• [Task]:
Please give back, exactly as written, the lines from the line with "Bílá konvička na" to the line with "Trader Joe's Gluten" in the listing below, leaving out all pictures.

• [The records]:
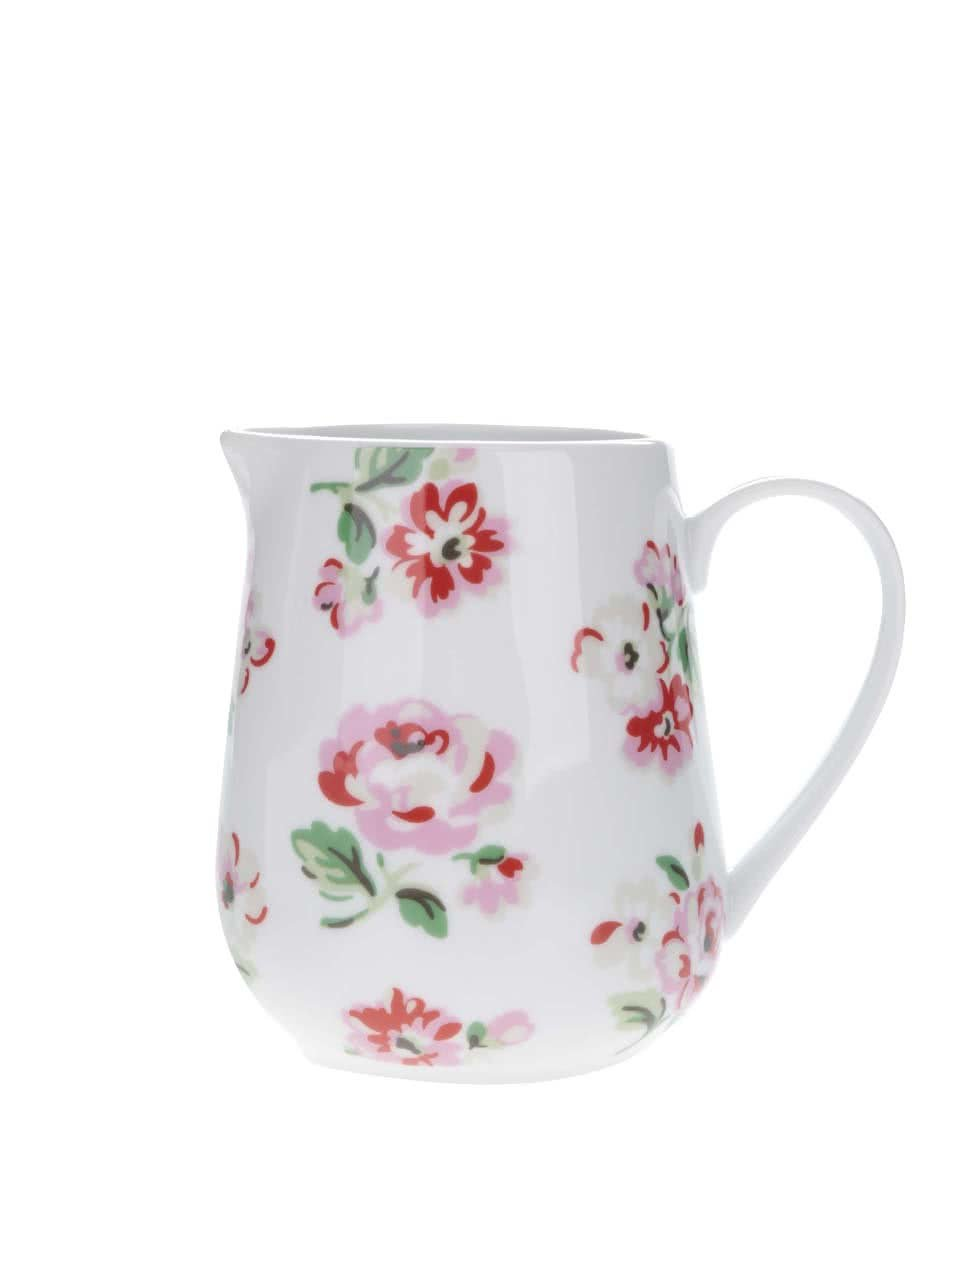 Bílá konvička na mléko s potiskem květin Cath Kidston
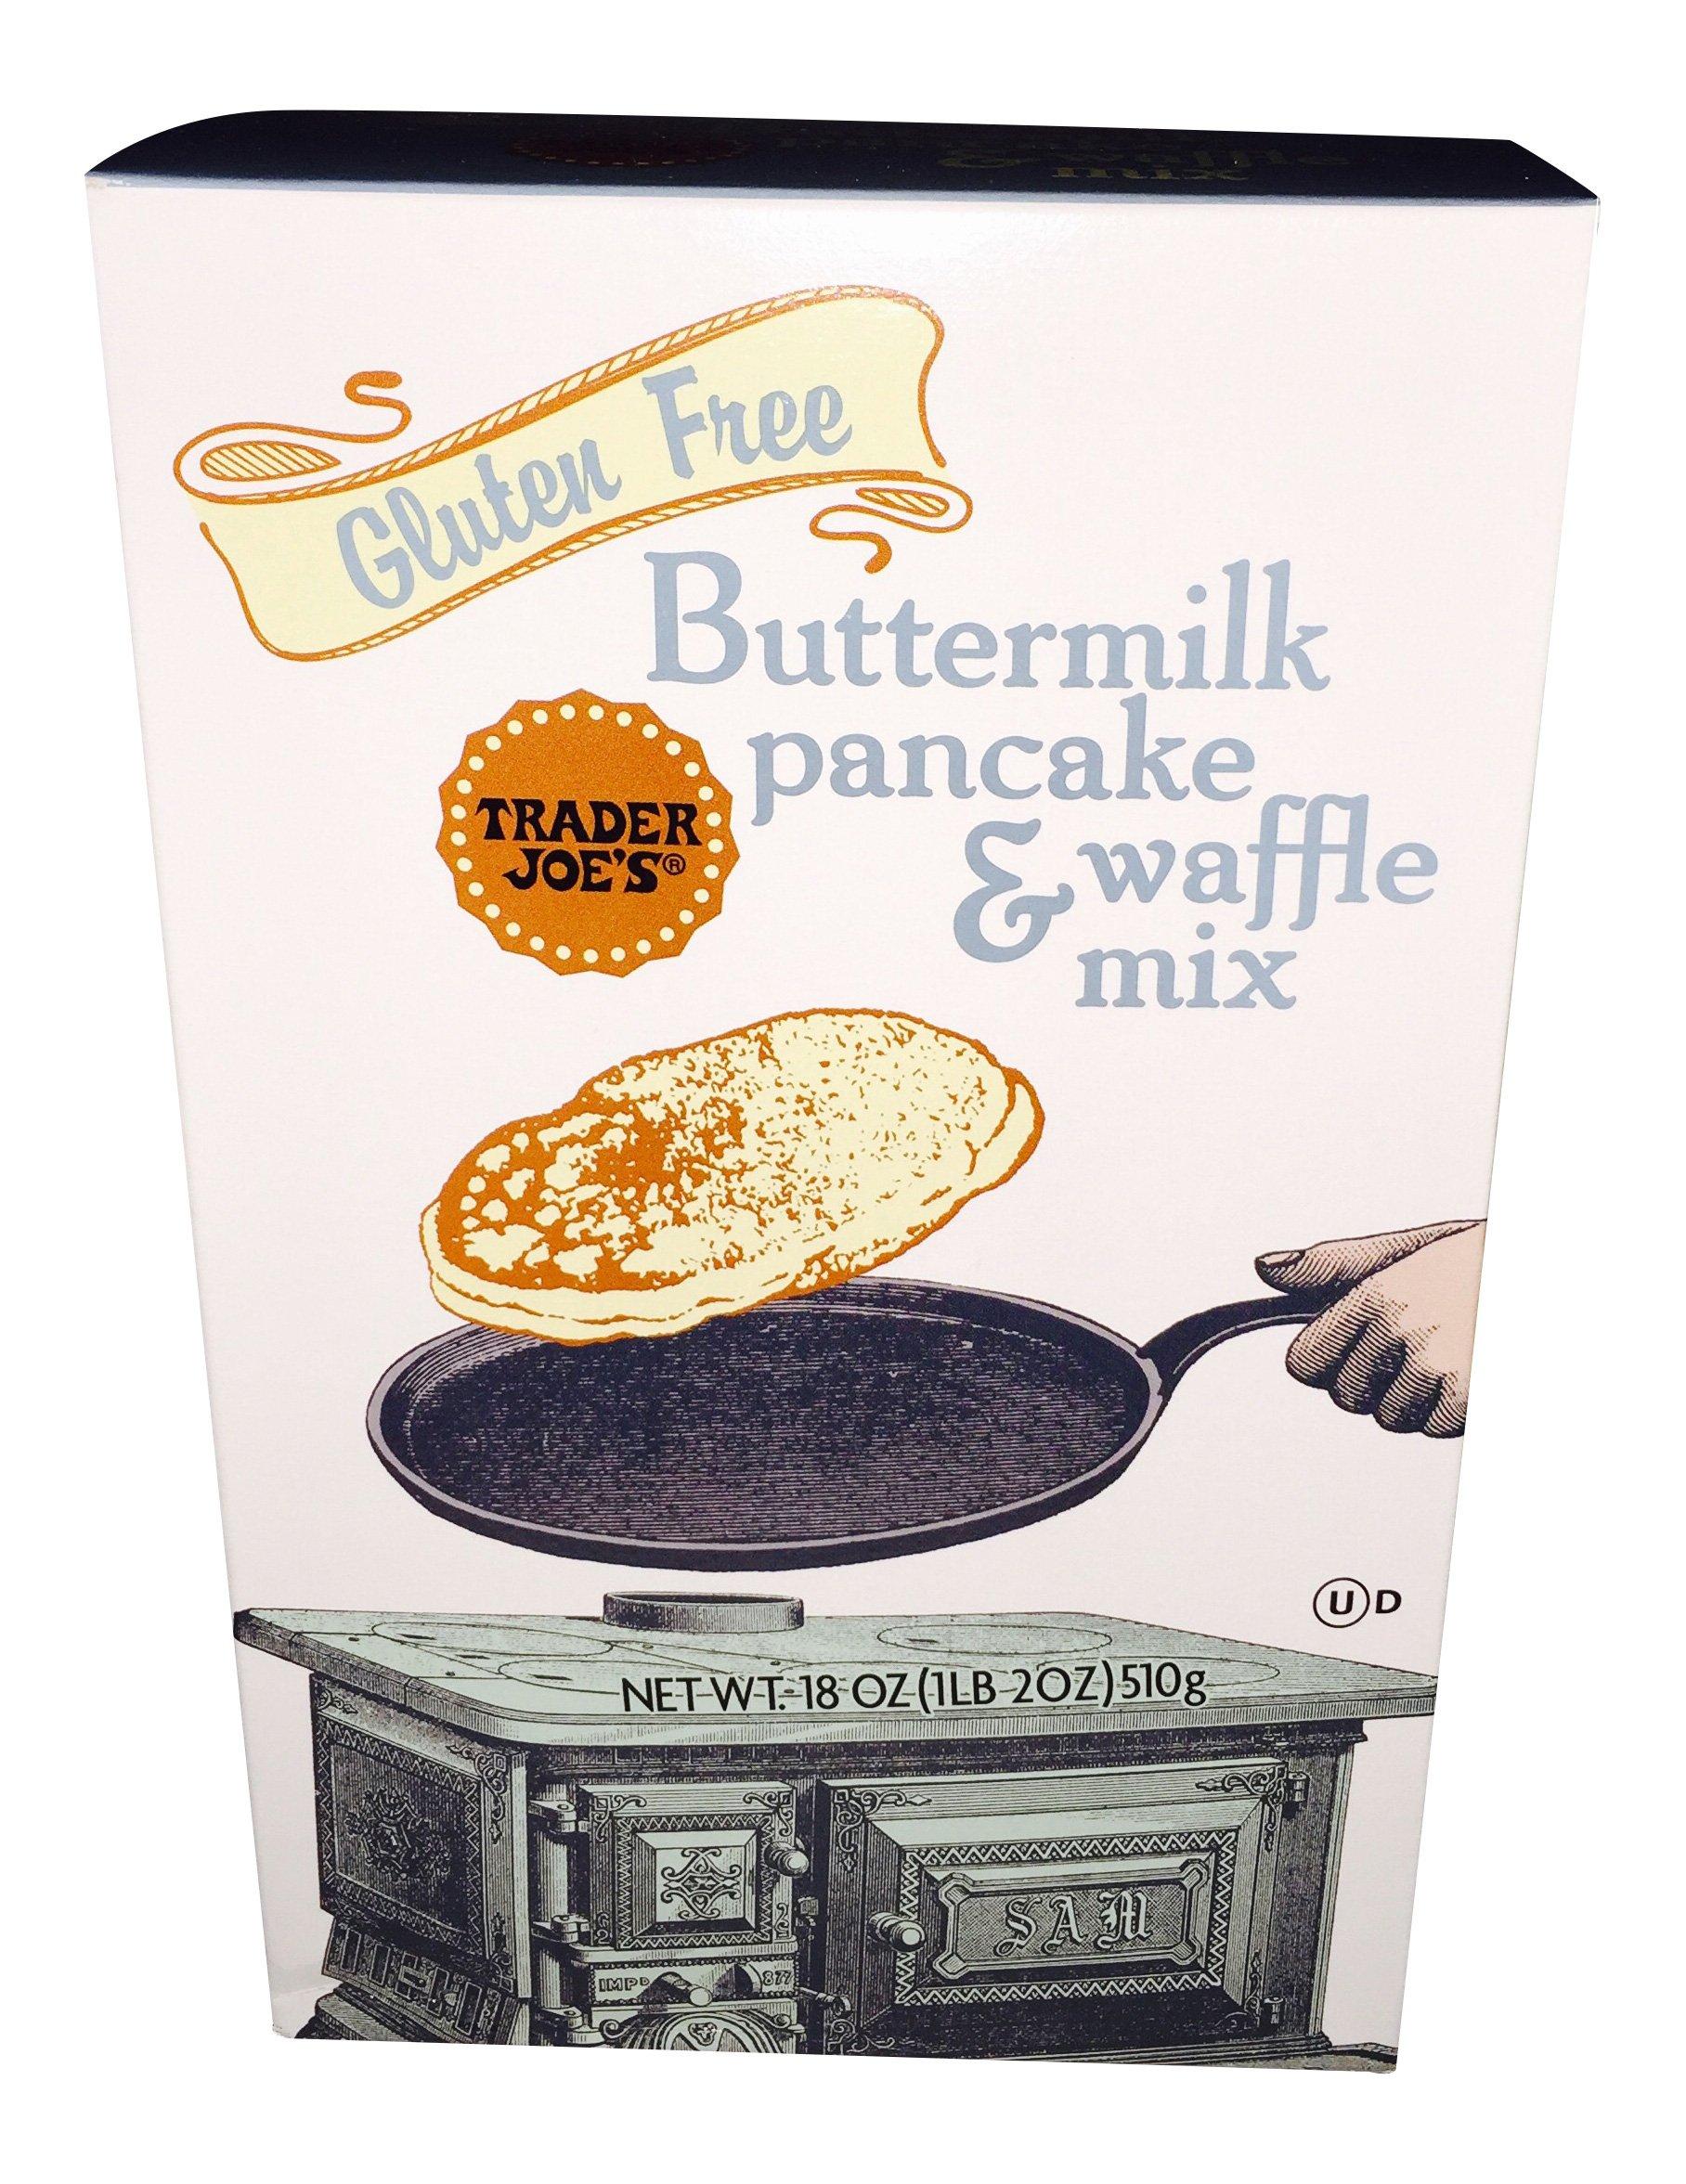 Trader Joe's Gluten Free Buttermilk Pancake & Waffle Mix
==
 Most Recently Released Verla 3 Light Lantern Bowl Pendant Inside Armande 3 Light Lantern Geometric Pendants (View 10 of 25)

• [The answer]:
 Bílá konvička na mléko s potiskem květin Cath Kidston
 Trader Joe's Gluten Free Buttermilk Pancake & Waffle Mix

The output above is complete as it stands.